Literature Search and Study Selection

56 papers were relevant to the search words. Through screening the title and reading the abstract and the entire article,10 eligible articles [16][25] (six [16][21] in English and four [22][25] in Chinese) were included based on the search criteria, one of which were the dissertations of postgraduate students [24], for CC susceptibility related to the XRCC1 gene Arg194Trp, Arg280His and Arg399Gln polymorphisms. The literature search and study selection procedures are shown in Figure 1.

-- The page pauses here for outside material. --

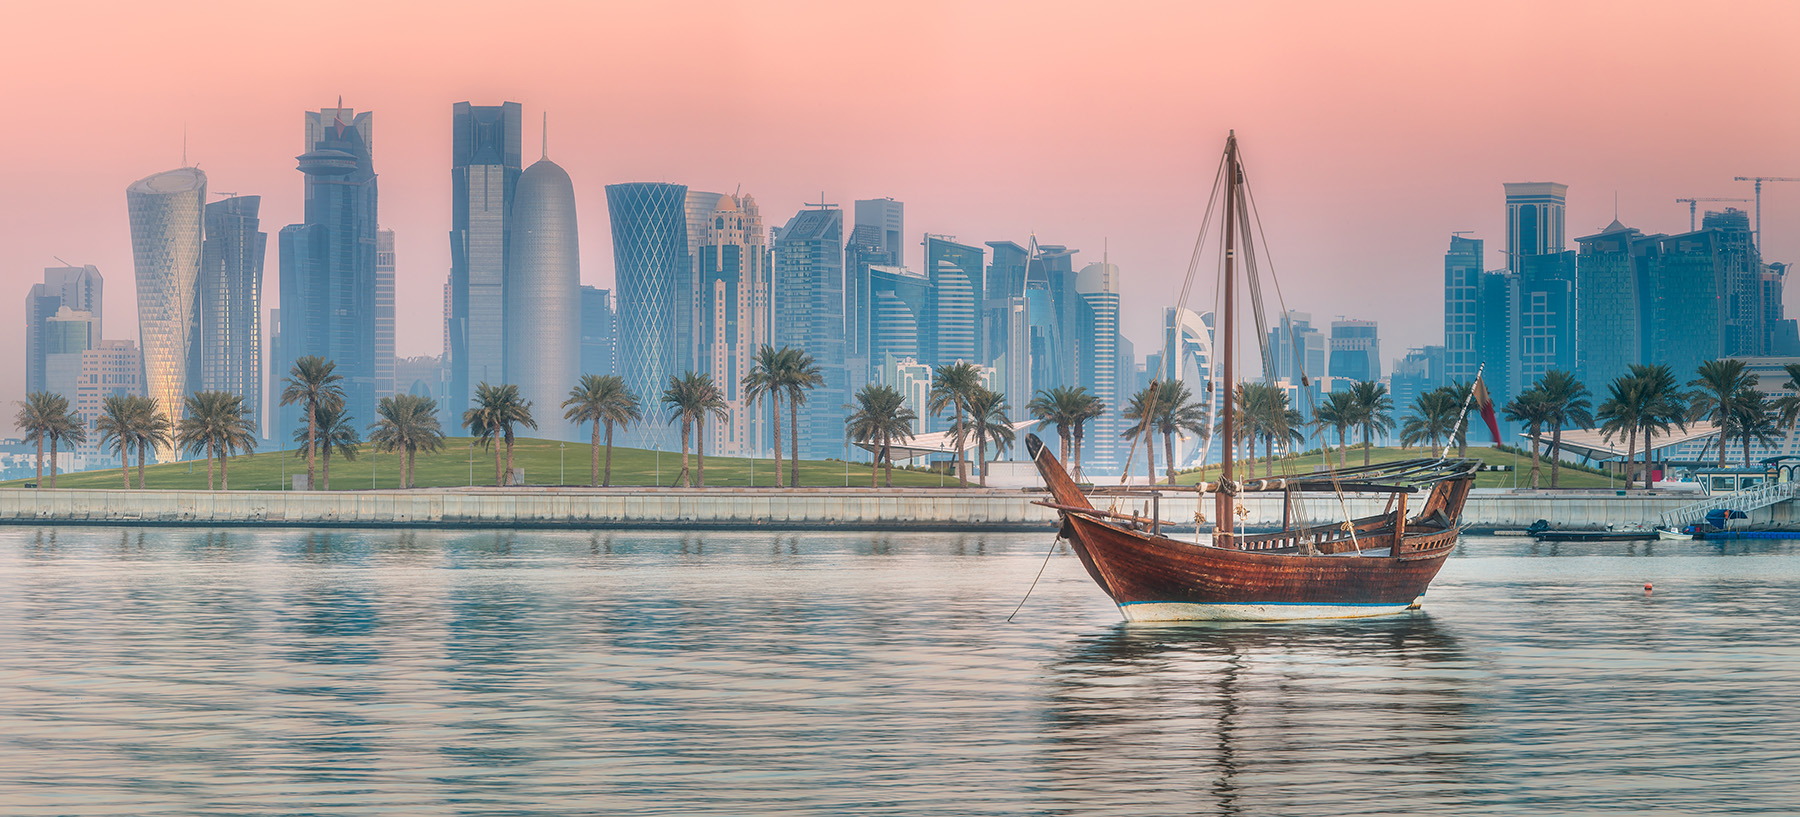 The photograph shows a dhow, an Arabian boat that inspired the design of the Al Janoub stadium, sailing on water with an urban skyline in the background.

Figure 1. Literature search and study selection procedures used for a meta-analysis of x-ray repair cross-complementing group 1 (XRCC1) genetic polymorphisms and cervical cancer.

Figure 1

Study characteristics were summarized in Table 1. There were seven studies of subjects of Asian descent, two study of subjects of Caucasian descent and one of subjects Latin America descent. Among these studies, 5 studies have investigated only XRCC1 Arg399Gln polymorphism, 3 studies included XRCC1 Arg194Trp and Arg399Gln polymorphisms, whereas 1 studies included XRCC1 Arg194Trp, Arg280His and Arg399Gln polymorphisms, and 1 study included XRCC1 Arg194Trp and Arg280His polymorphisms. Therefore, there were 9 case-control studies with 1761 cases and 2552 controls for Arg399Gln polymorphism, 5 case-control studies with 893 cases and 1237 controls for Arg194Trp polymorphism and 2 case-control studies with 662 cases and 975 controls for Arg280His polymorphism. Studies had been carried out in China, Japan, Slovakia, Poland, Thailand and Argentina. The controls were mainly from healthy population or blood donor. 9/10 studies extracted DNA from peripheral blood and a classic PCR-RFLP assay was used in 8 out of 10 studies. Only 5/10 (50%) studies described the use of positive controls and a different genotyping assay to confirm the data. The genotype distributions among the controls of all studies followed HWE except for two studies [19], [20] for the Arg194Trp polymorphism and one study [22] for the Arg280His polymorphism.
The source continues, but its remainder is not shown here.